When Sarah and I were two hott freshmen mamas, we would go to Boyden together to do a little (miniscule) work out, before we beasted at Berkshire and had 3-4 plates of food and dessert. One time on our way back, we saw double doors bust open and two guys in sweats come out with computer monitors (i think), get into a 'red car', and drive off. The alarm was so loud, and sarah and I decided to wait there incase a cop needed identification. (yes, we're rats, but not BBIJ rats) When the cop came over, one of his first questions was 'What kind of car was it?' and we both kindof blanked out. All we could say was some beat up red old car. Definitely not a truck though!
I've been meaning since that day, a year and a half? ago, to do some research on cars and get to learn the car brands incase it ever happens again or there's a hit and run or something. I've been trying to test myself and the only thing I know for sure are BMW's. Hondas and Toyotas most of the time.

Another story:
My mom's side of the family kept telling me 'Please, don't drive this summer!' and saying 'We really care about you and don't want you to get hurt' But then ended up saying that they cancelled my insurance and 'wouldn't' let me drive no mo. But I need a car for my internship job, so I asked my dad if I could get insurance with him. $200. Then my aunt found out that I got insurance, and confessed to me that I have insurance! She told me that they didn't want me to drive because some guy, supposedly psychic, in a Buddhist temple said I shouldn't drive. He also said my engaged cousin can't get furniture and that I am going to go to medical school. Interesting.

Tuesday, May 19, 2009

Andy is ballin'.

I'm awake now! After I passed out at Dwight for a few hours or so.

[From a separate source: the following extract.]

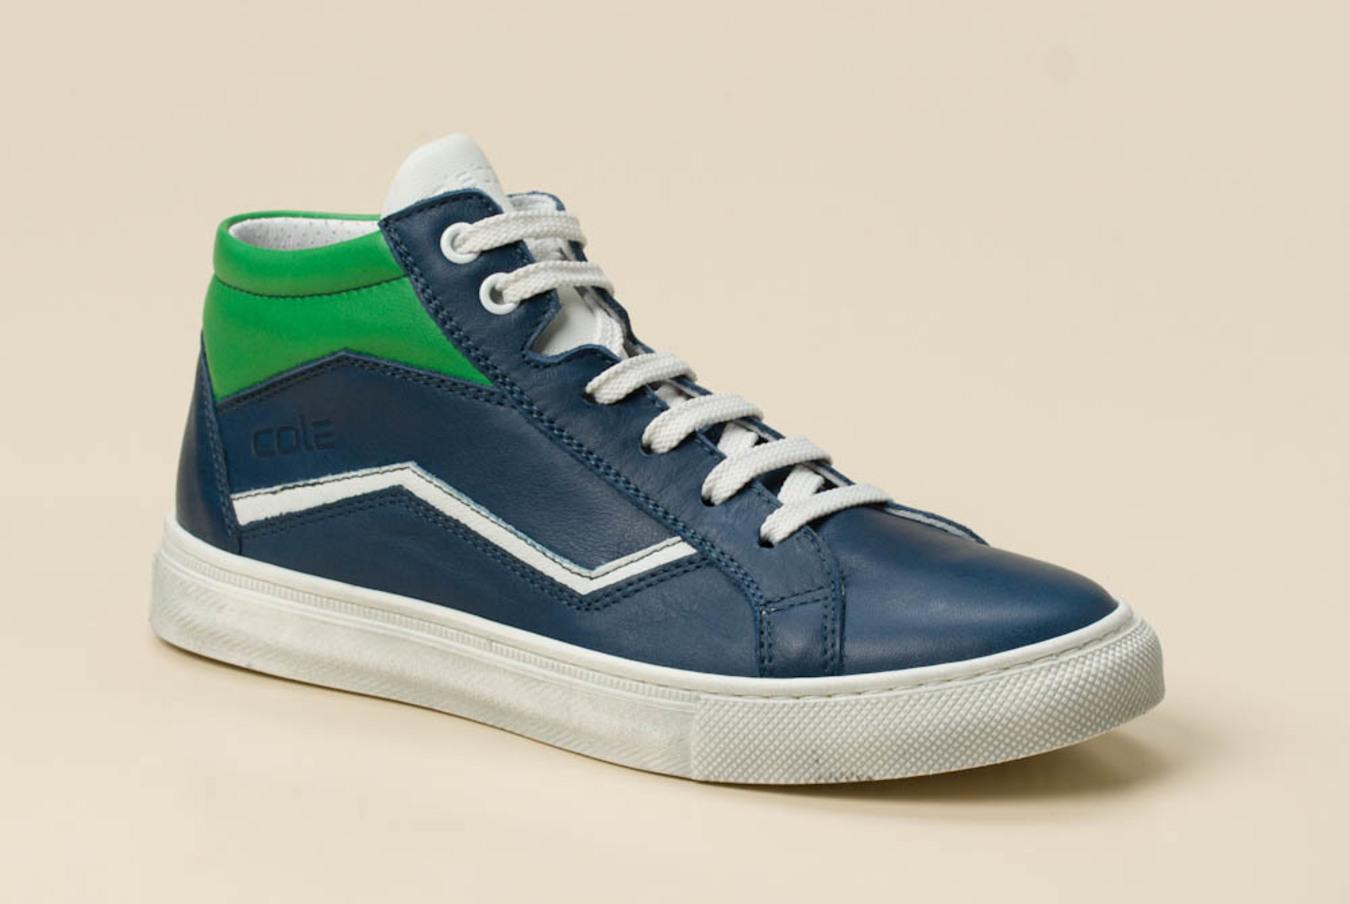 cab59ff7c28a30 cole bounce restore Kinder Sneaker high in blau grün kaufen ...

Today, Andifer Lokmonster bought us over one hundred dollars worth of wings. bones, boneless, ribs, french fries, onion rings, and drinks. Finger-lickin' good. Thank you Andy!! This is the last time I ever want to binge unhealthily like that ever again. (That's a lie but I'm pretending to be a food conscious person)

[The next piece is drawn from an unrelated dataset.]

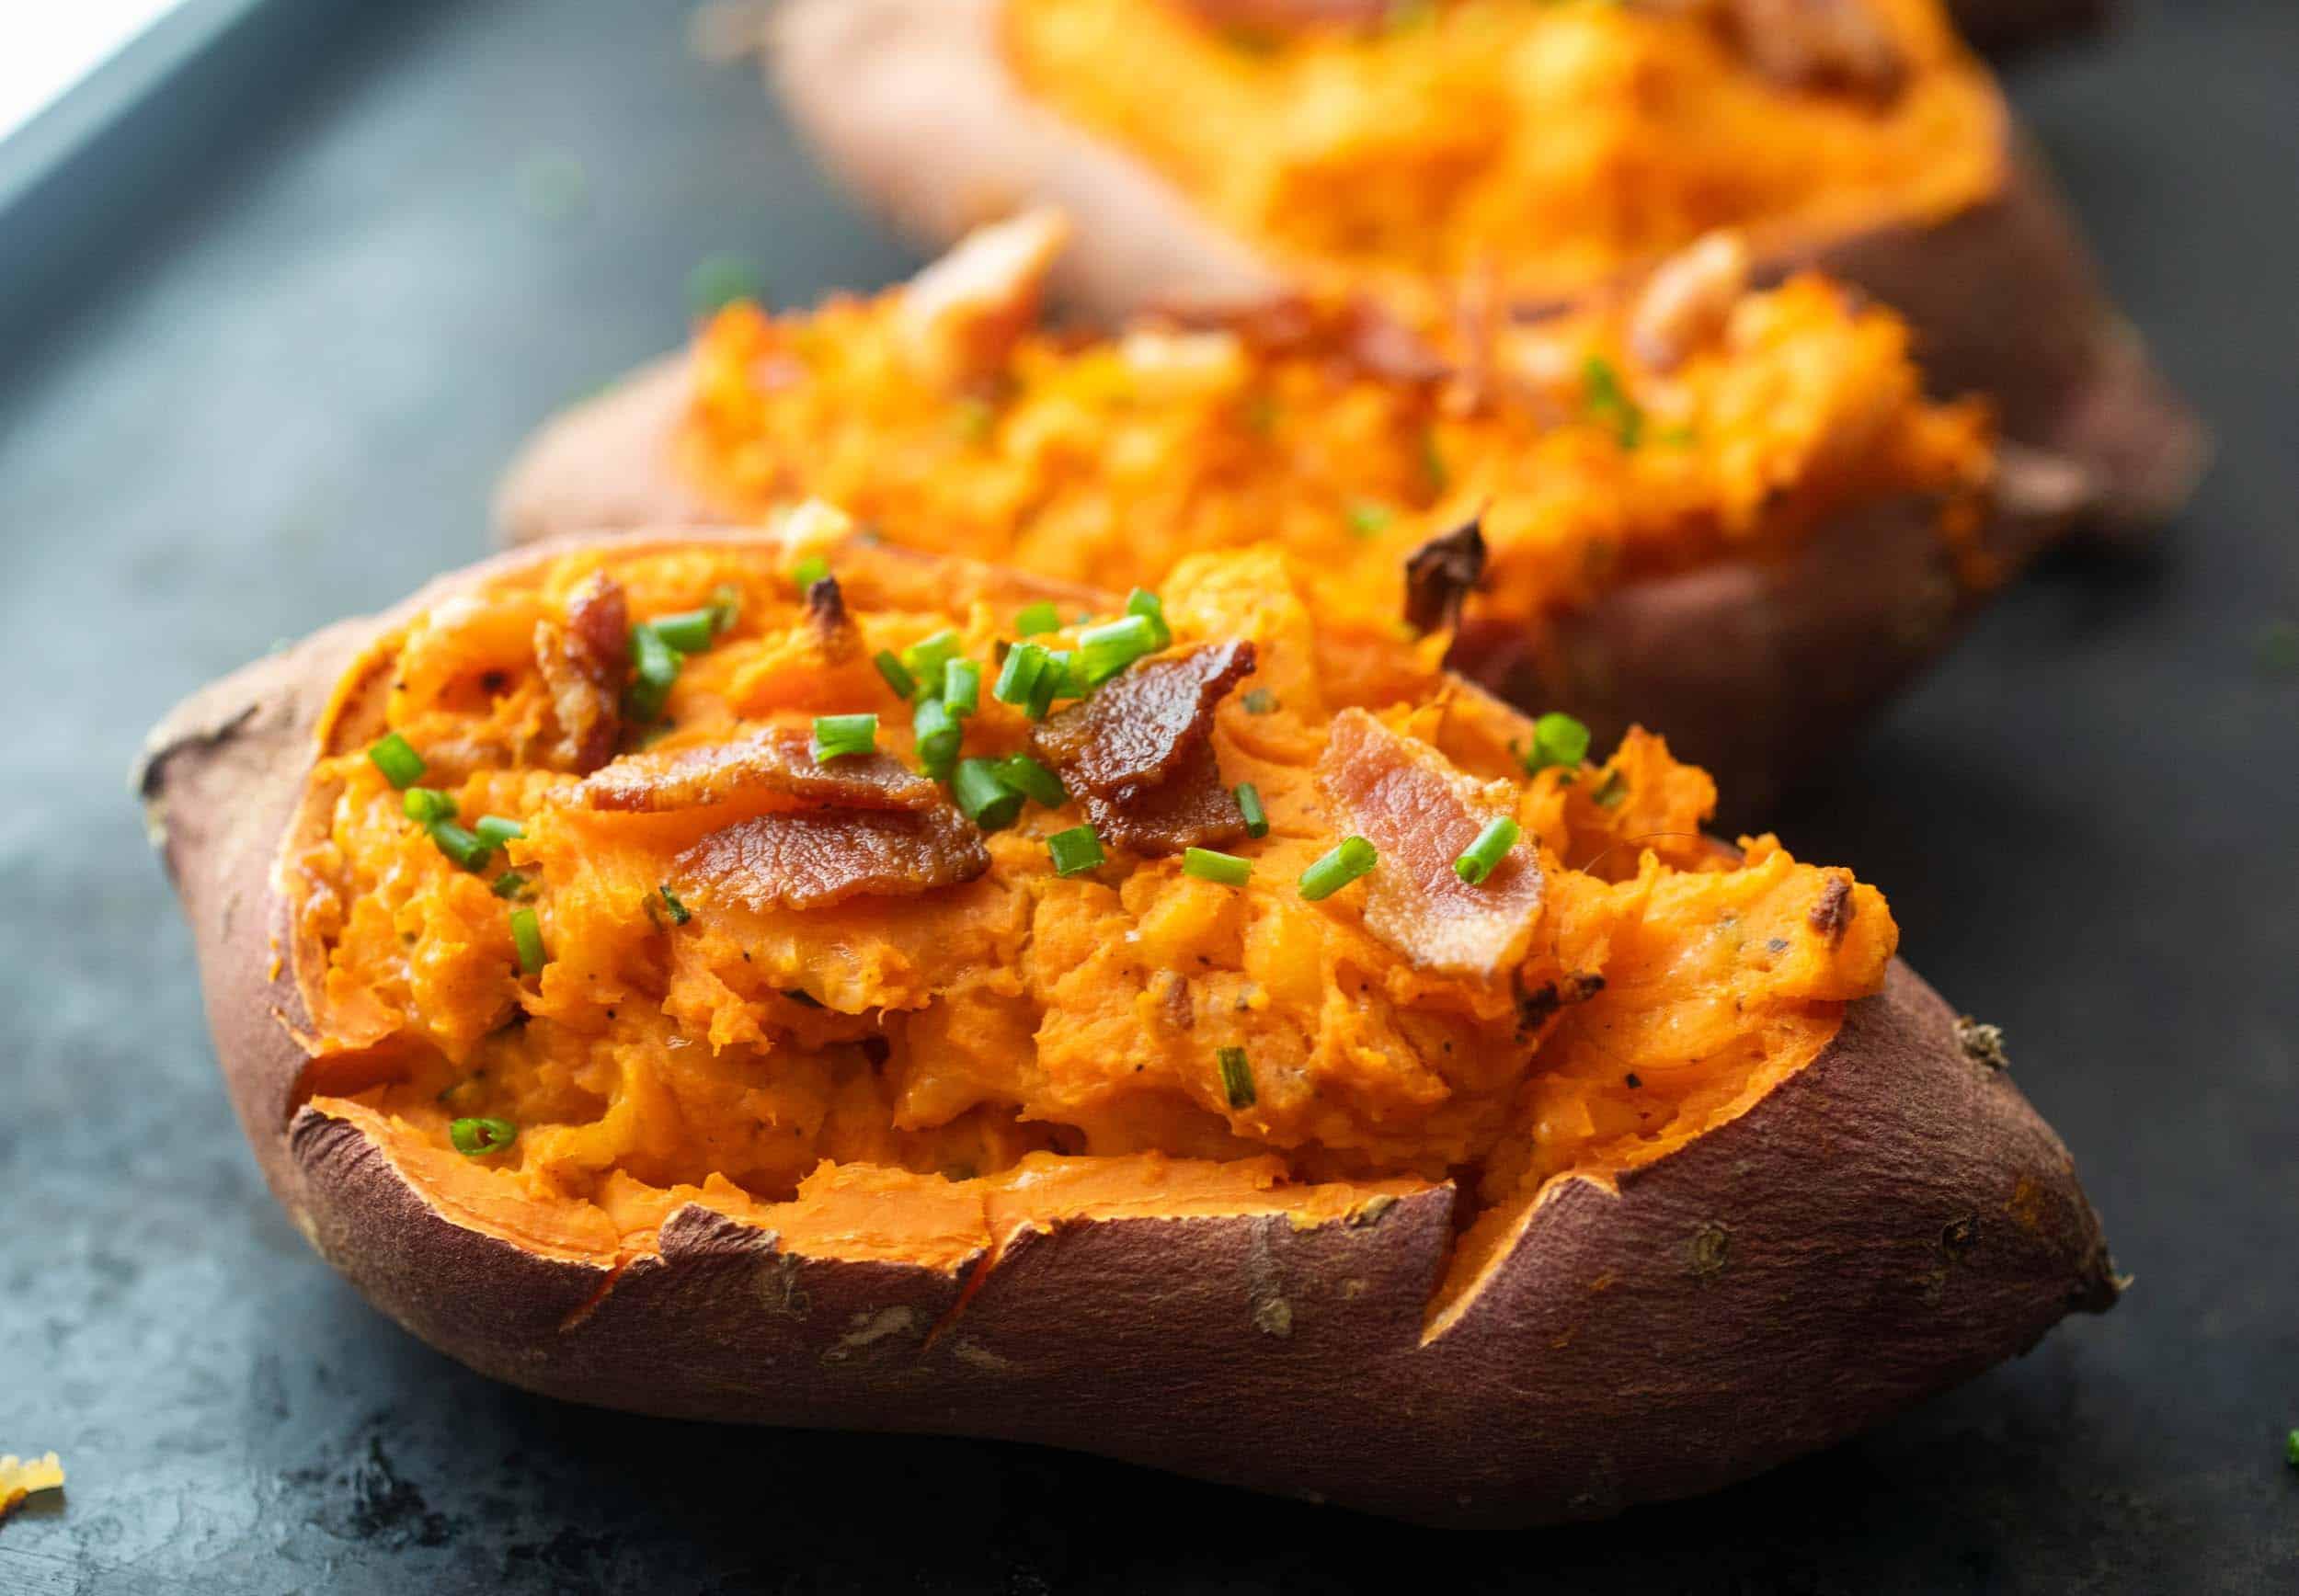 sweet potatoes, yams

Today was so fun. I wish college was like this all the time with no work and no stress. Just lots of time to play, get fat, and hang out with friends.

Saturday, May 16, 2009

Obsessed with Puzzles

so steve bought me a 1,000 piece mosaic charlie brown and snoopy puzzle set that i've wanted for a while, and today is DAY ONE of starting it. i'm SOOOOOOOOOOOOOO EXCITED

you know what's weird, birthdays. a yearly marker that indicates a change in the new year, a change in yourself, and a change in your age. i never thought i'd turn 20, and i kindof wished i was still 19 :( i don't think i like getting older, not just because i'm getting older, but because my dad's getting older and everyone around me. but if we regard all that negativity, i've had a great week and weekend so far. donna and suzy came to umass which equals tons of laughter and fun. and steve took me to minado's for the first time. it wasn't AWESOME but they had my favorite, spider rolls :D and he bought me a fruit cake, a delicious fluffy cake with sliced fruit in the center and on top. sosoosososos much good, i never want a regular cake ever again! :) now i'm going to eat with my dad. i think i've gained 10 pounds within the past three days, spectacular!

Thursday, April 16, 2009

Promise Fulfilled!

I worked in Salad Room, the room in the corner of the Blue Wall kitchen. The only not scorching hot room (minus the walk-in refridgerators) in the back where sandwiches for grab-n-go are carefully pre-made. Those two hours I worked were the two best hours I've had working at Blue Wall for a long time. I got to make all the deli sandwiches, wrap them tightly, and print and seal the price sticker on them. My regular job is either making chicken fingers, french fries, mozzerella sticks, and taco shells in the deep fryer, or making burritos when the lines are really long. So a day in the nice cold salad room, listening to nice music, making sandwiches in no rush felt like a breath of fresh air. It was glorious. I wan't to work there all the time.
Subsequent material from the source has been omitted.